В «любовном» разделе помещены магические практики и вербальные формулы, посвященные тому, как увидеть во сне суженого, узнать свою долю, приворожить суженую или суженого, чтобы хлопцы приходили к девушкам на вечерки, заговоры на красоту. В начале второго раздела («Семейный быт») сосредоточены формулы и магические приемы, нацеленные на благополучную семейную жизнь женщины и на то, чтобы дети были здоровы. В этом разделе («Домоводство. Хозяйство»), самом разнообразном и обстоятельном, собрано огромное количество магических средств и приговоров, относящихся к домашней жизни и хозяйственной деятельности: чтобы женщина благополучно родила, чтобы ребенок был здоров, не плакал по ночам, не болел, не страдал от «переляка» или родимца; чтобы новобрачные были счастливы; чтобы женщины не были бесплодными; чтобы в новом доме было тепло и не водились насекомые, чтобы куры не убегали со двора, деревья приносили плоды, корова телилась, огурцы были красивыми, хлеб в деже «спорился»; как сажать те или иные овощи, выгонять скотину в поле, ухаживать за пчелами; как сделать так, чтобы скотина не болела, воробьи не клевали зерно на поле, а мыши не ели его в амбаре; чтобы молния и град не вредили посевам и обходили стороной дома, и т.д. В разделе «Болезни» помещены в основном заговоры от многих недугов, в разделе «На разные случаи» – вербальная магия, касающаяся многих сторон повседневной жизни – от встречи с волком в лесу и схоронения клада до хождения в суд и копания колодца. Наконец, в разделе «Зло» приведены немногочисленные приемы «черной» магии: как отобрать «спор», наслать болезнь или обрести успех в воровском деле.

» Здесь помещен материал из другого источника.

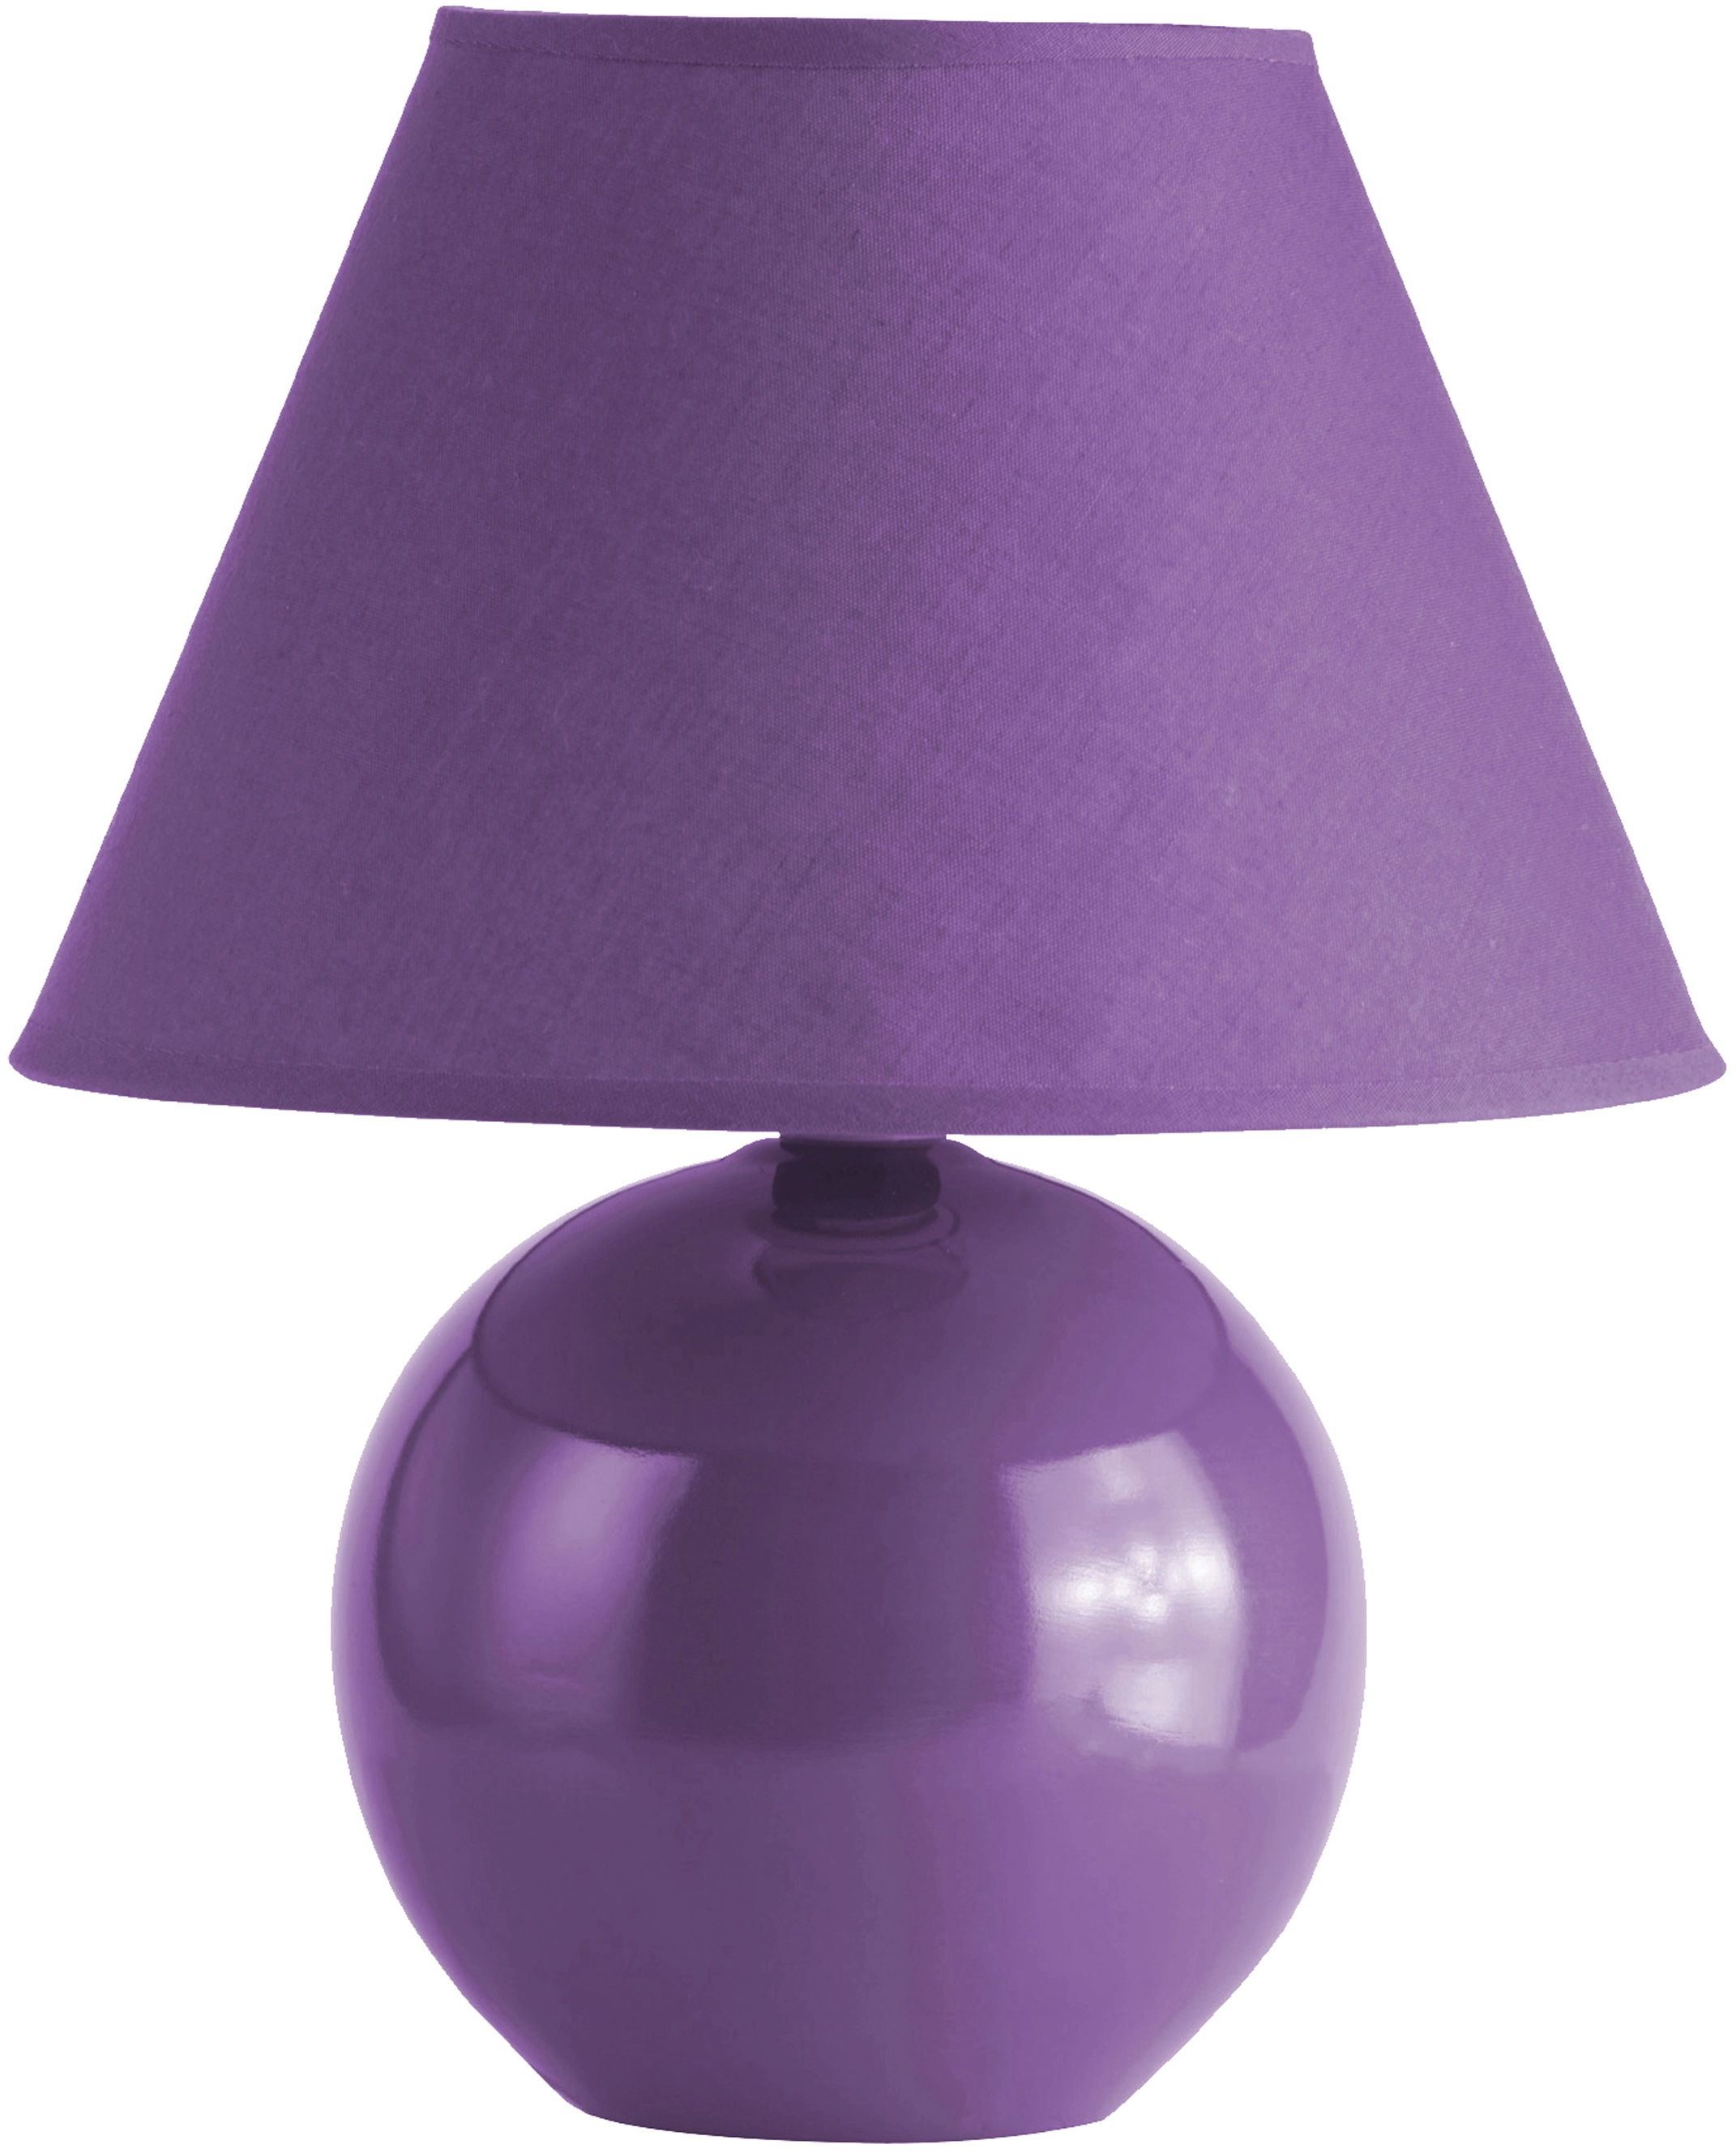 Tischleuchte Keramik Violett | Tischlampen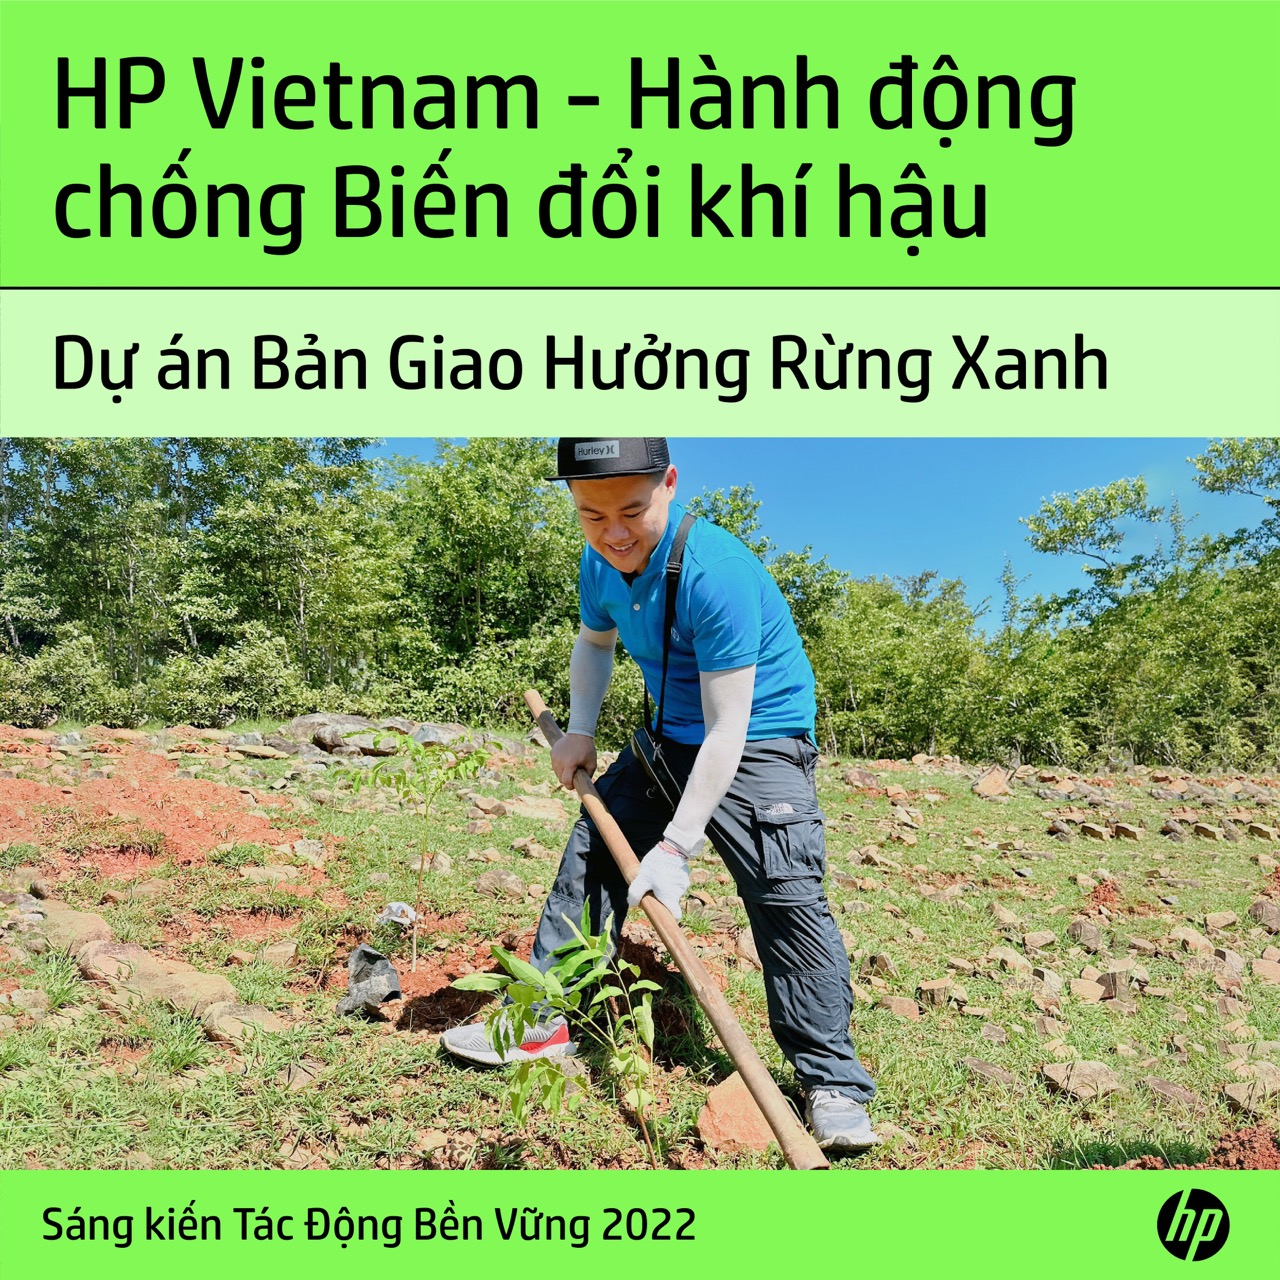 HP Việt Nam tiếp tục sứ mệnh “Xanh” trong hành trình phát triển bền vững

Мне неизвестны обстоятельства составления этой рукописи, равно как и сбора материалов для нее, но одно кажется несомненным – за образец было взято упомянутое выше издание малороссийских заклинаний П. Ефименко19. Близость этих двух коллекций выражается в том, что в той и другой сосредоточены материалы, касающиеся именно вербальной магии в широком ее понимании, хотя к этому времени более принятым был иной тип публикации, в котором собственно заговоры отделялись от малых магических форм – приговоров, пожеланий, заклинаний и т.д. (таково издание заговоров у П.П. Чубинского или Л.Н. Майкова). Да и традиция обозначения функции каждого сообщения и сама манера этих обозначений у Ефименко («Наука вiд червiв», «Щоб зуби не болели» и др.) также напоминает собрание Кибальчича.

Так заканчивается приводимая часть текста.